The company’s investors include Visa, Y Combinator, Global Founders Capital and Goodwater Capital, as well as angel investors like Dropbox co-founder Arash Ferdowsi, footballers Blaise Matuidi and Kieran Gibbs and others.
Bloom was founded by Ahmed Ismail, Youcef Oudjidane, Khalid Keenan and Abdigani Diriye to help Sudanese individuals hedge against rising devaluation, the release said. It offers fee-free accounts for users to save in dollars and buy and spend in Sudanese pounds.

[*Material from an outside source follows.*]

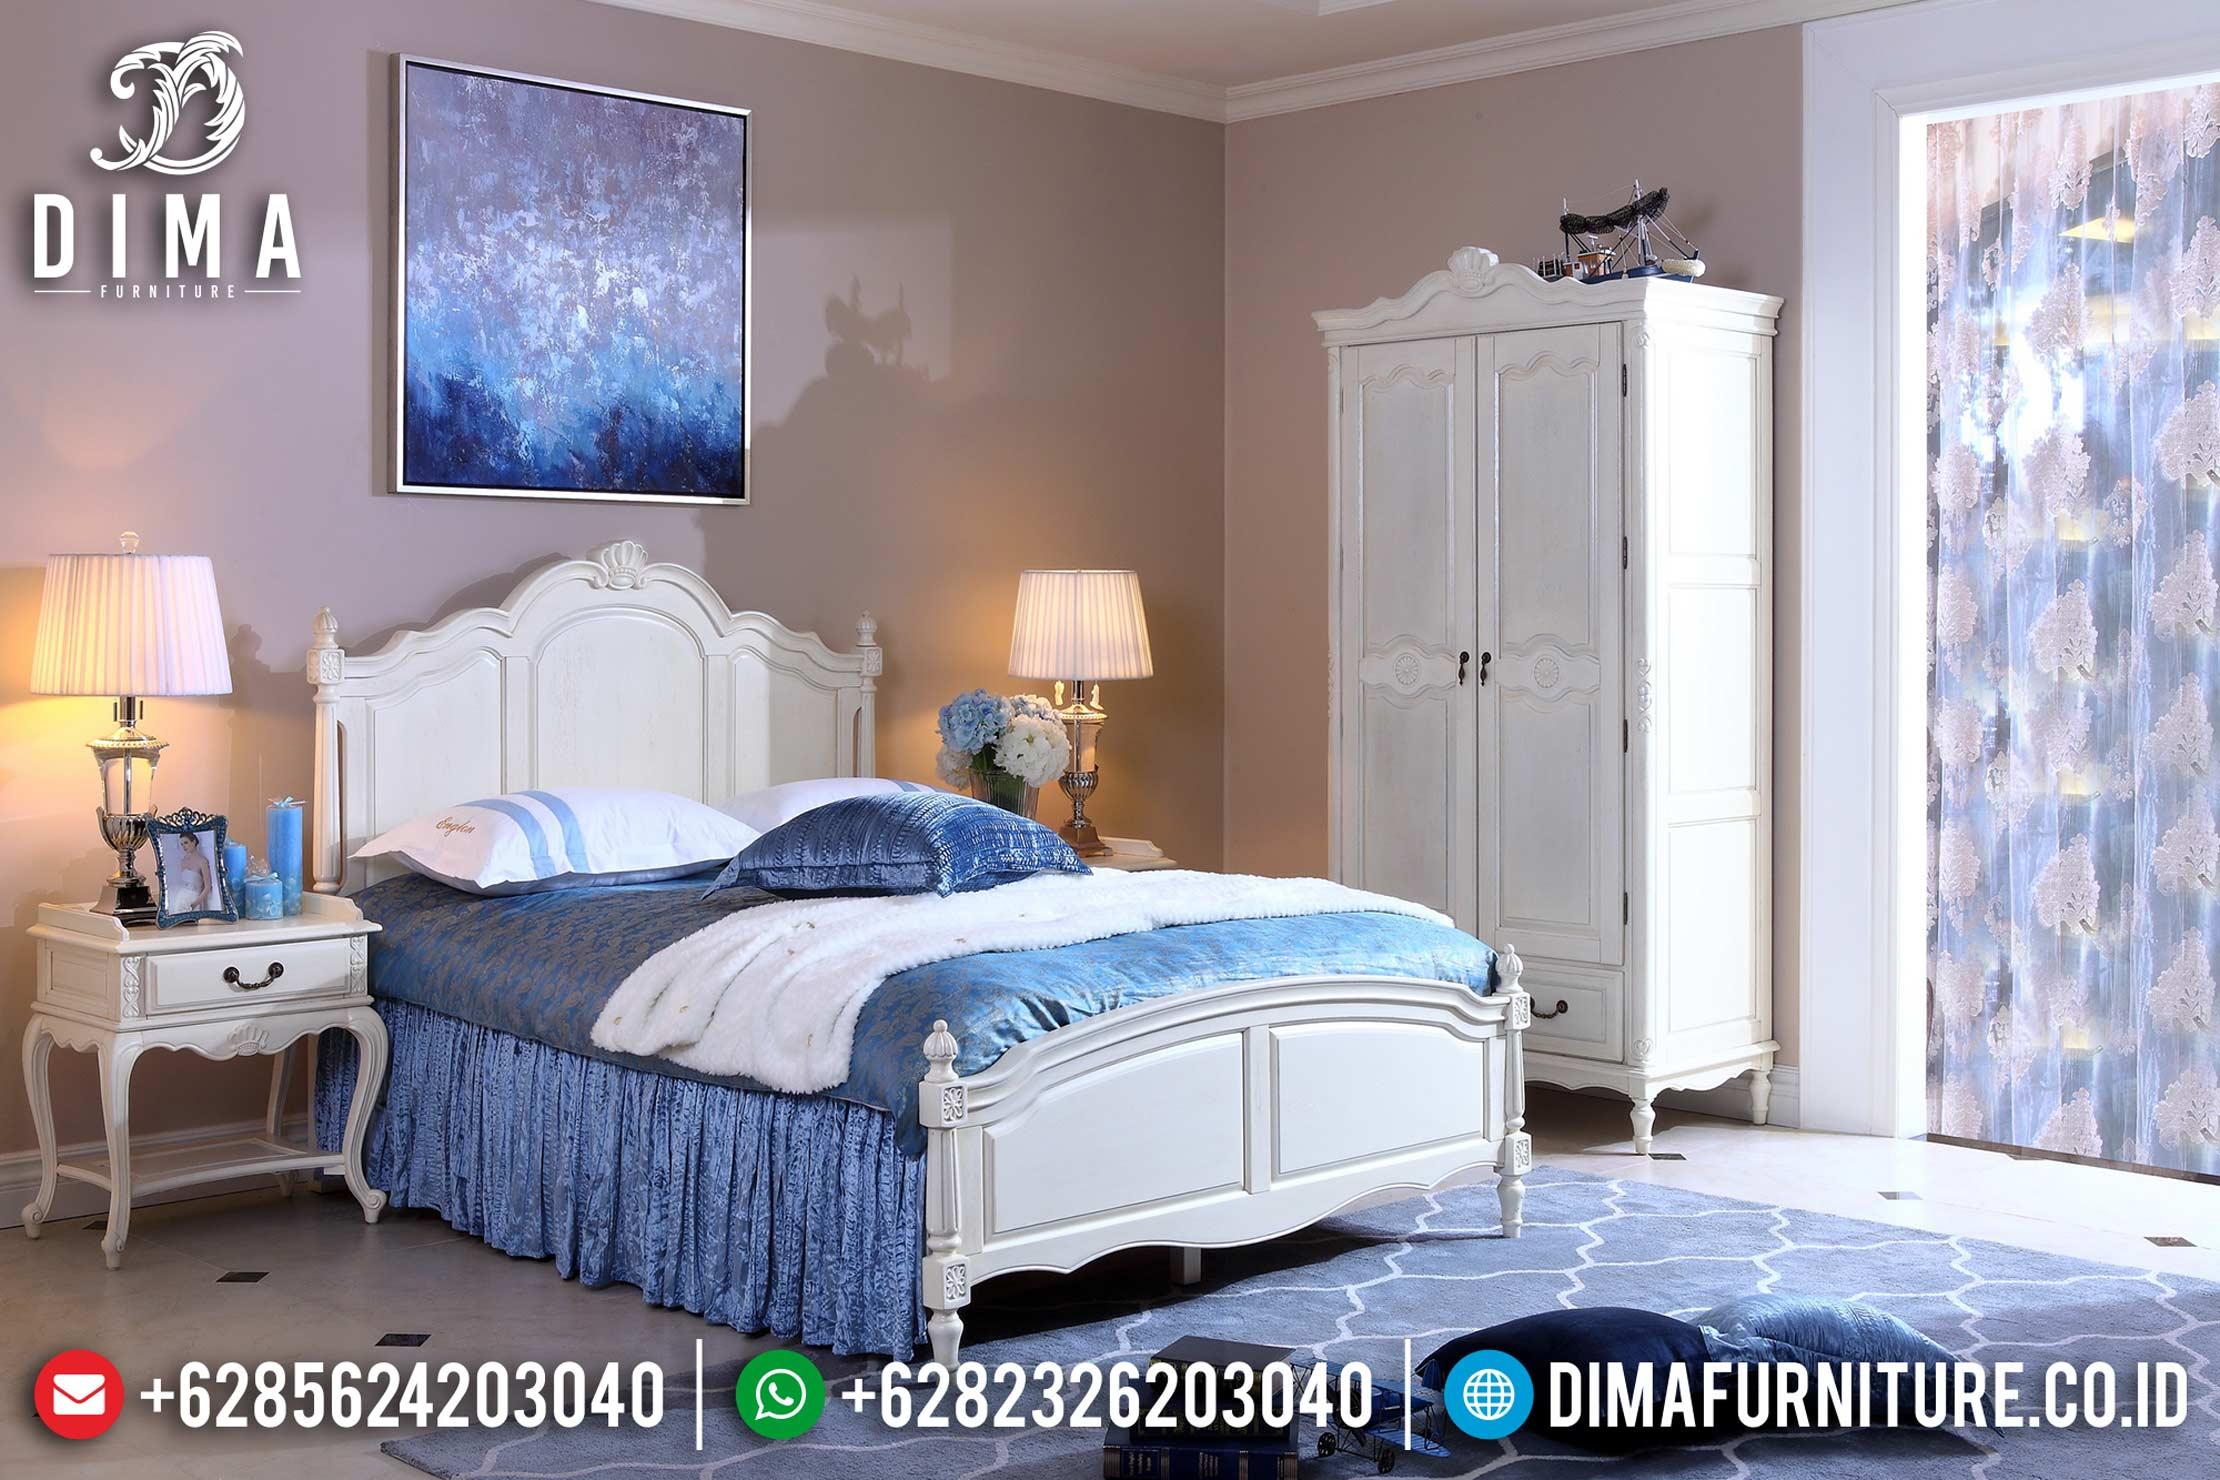 Kamar Set Jepara Minimalis, Kamar Tidur Set Mewah, Set Tempat Tidur Mewah Minimalis DF-0383
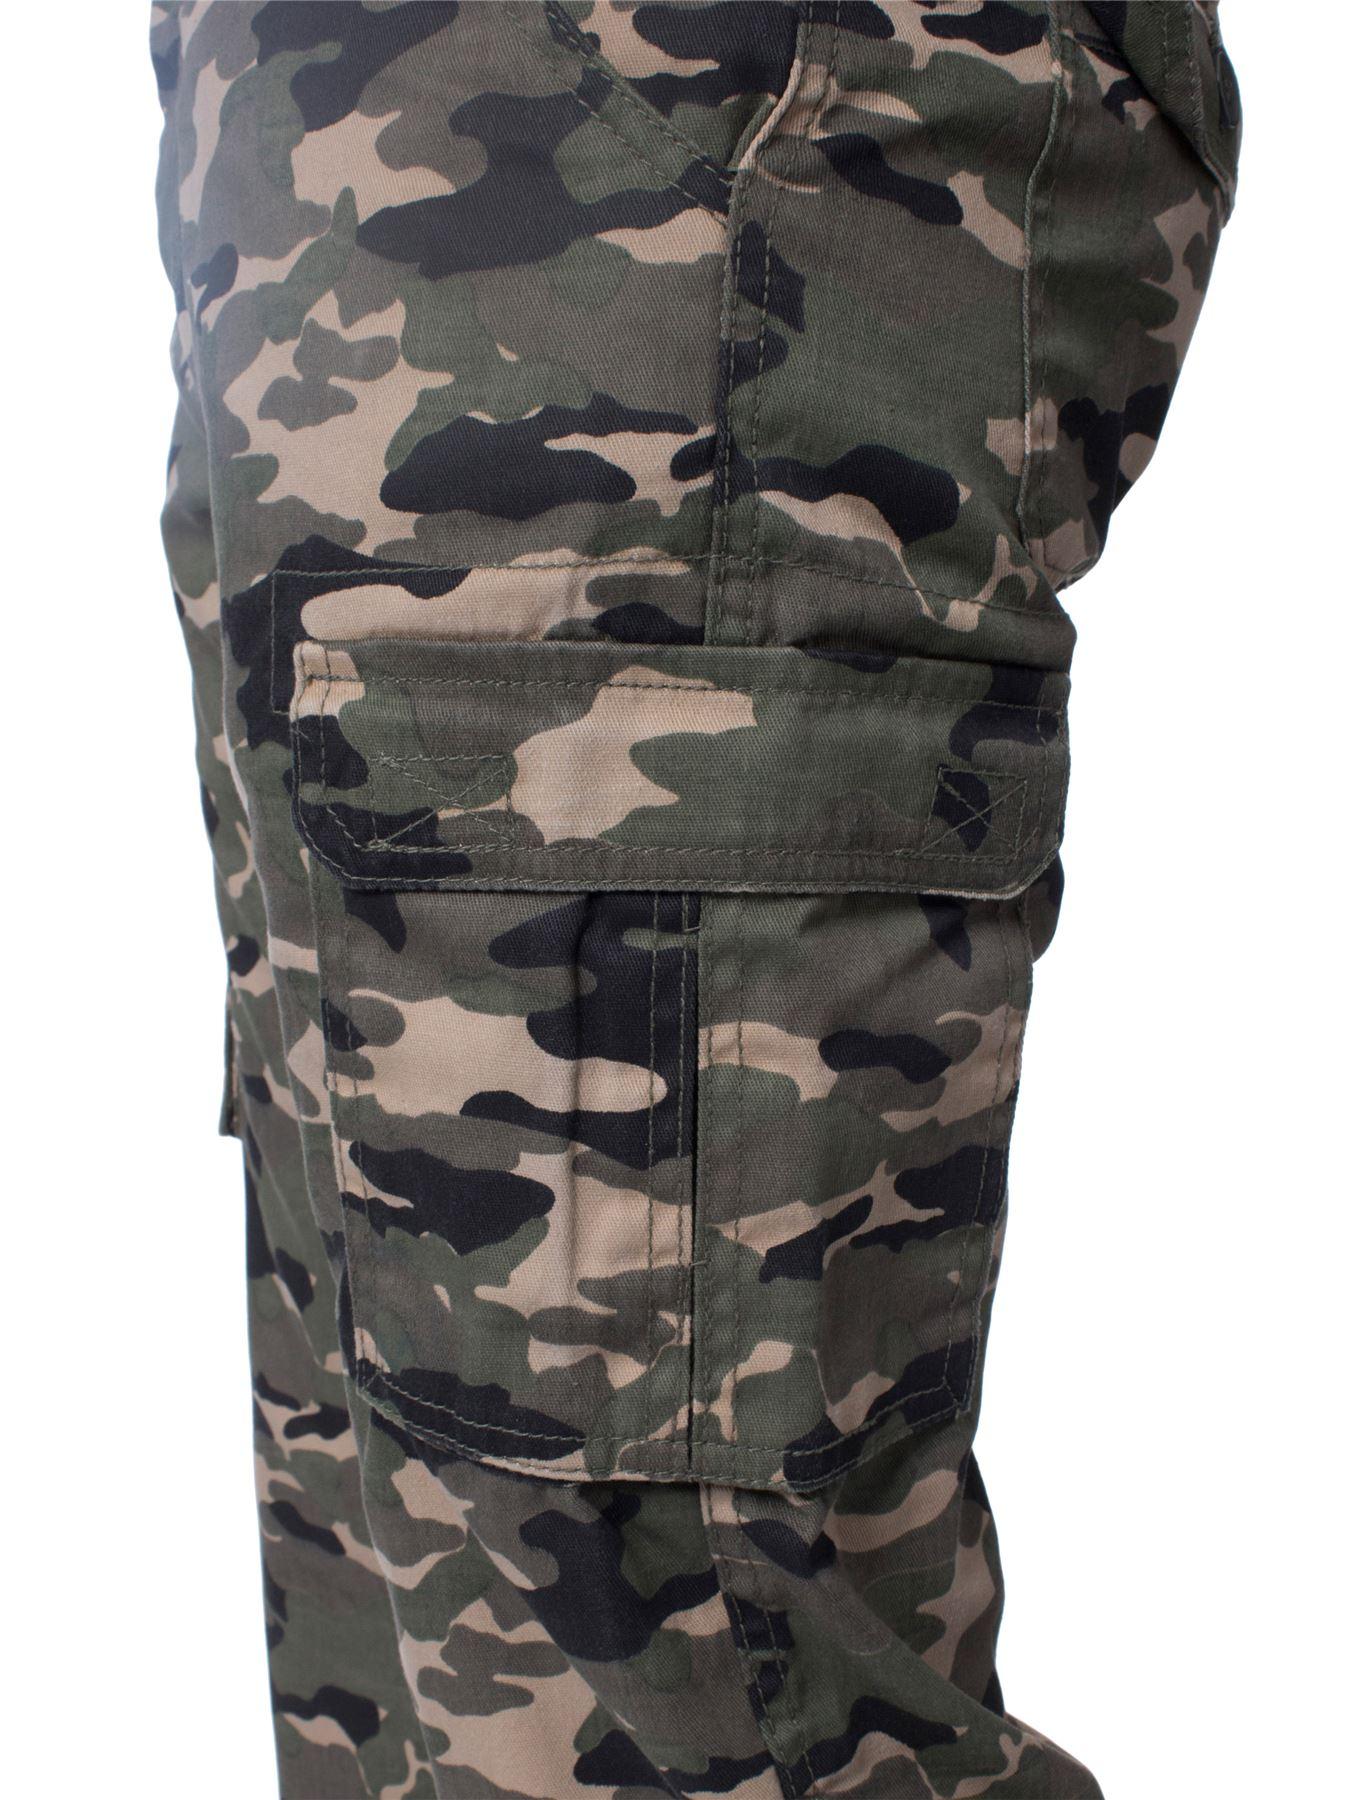 Kruze-Uomo-Militare-Pantaloni-Camouflage-Cargo-Mimetico-Casual-Lavoro miniatura 20

It also provides local and dollar cards and a feature where users can receive remittances free of charge from several countries globally, primarily where most of the Sudanese diaspora reside. The release noted that Bloom has partnered with Export Development Bank, which handles deposits.
The investment from Visa came as one of the incentives for Bloom’s participation in the global card scheme’s FinTech Fast Track Program, which saw Bloom switch its cards from Mastercard to Visa.
In an interview with TechCrunch, Ismail said “the Visa investment is critical for companies like us for a couple of reasons. One, aligning with Visa as a partner gives you a bunch of benefits, launching products faster, marketing support and product support; and two, in addition to the investment, Visa Fintech Fast Track enables you to access these incentives in a streamlined way.”
In the press release, Ahmed Mohey, Visa country general manager for Sudan and Libya, commented, “Together with Bloom, we will continue to drive acceptance of digital payments while finding opportunities to launch new products and services to Sudanese customers and merchants.”
Roel Janssen, a partner at Global Founders Capital, added, “We are very excited by our investment in Bloom. Its experienced and talented founding team has the drive and expertise to build a product that is universally valued by consumers, partners and regulators in Sudan and the wider East Africa region.”
The ability to hold foreign currency as a hedge against inflation is extremely useful in a country that has suffered from a scarcity of foreign currency reserves since the secession of South Sudan in 2011.
FinTech solutions that allow people to access foreign exchange instruments and hold multiple currencies in a single digital wallet provide an important weapon in Sudan’s fight against inflation.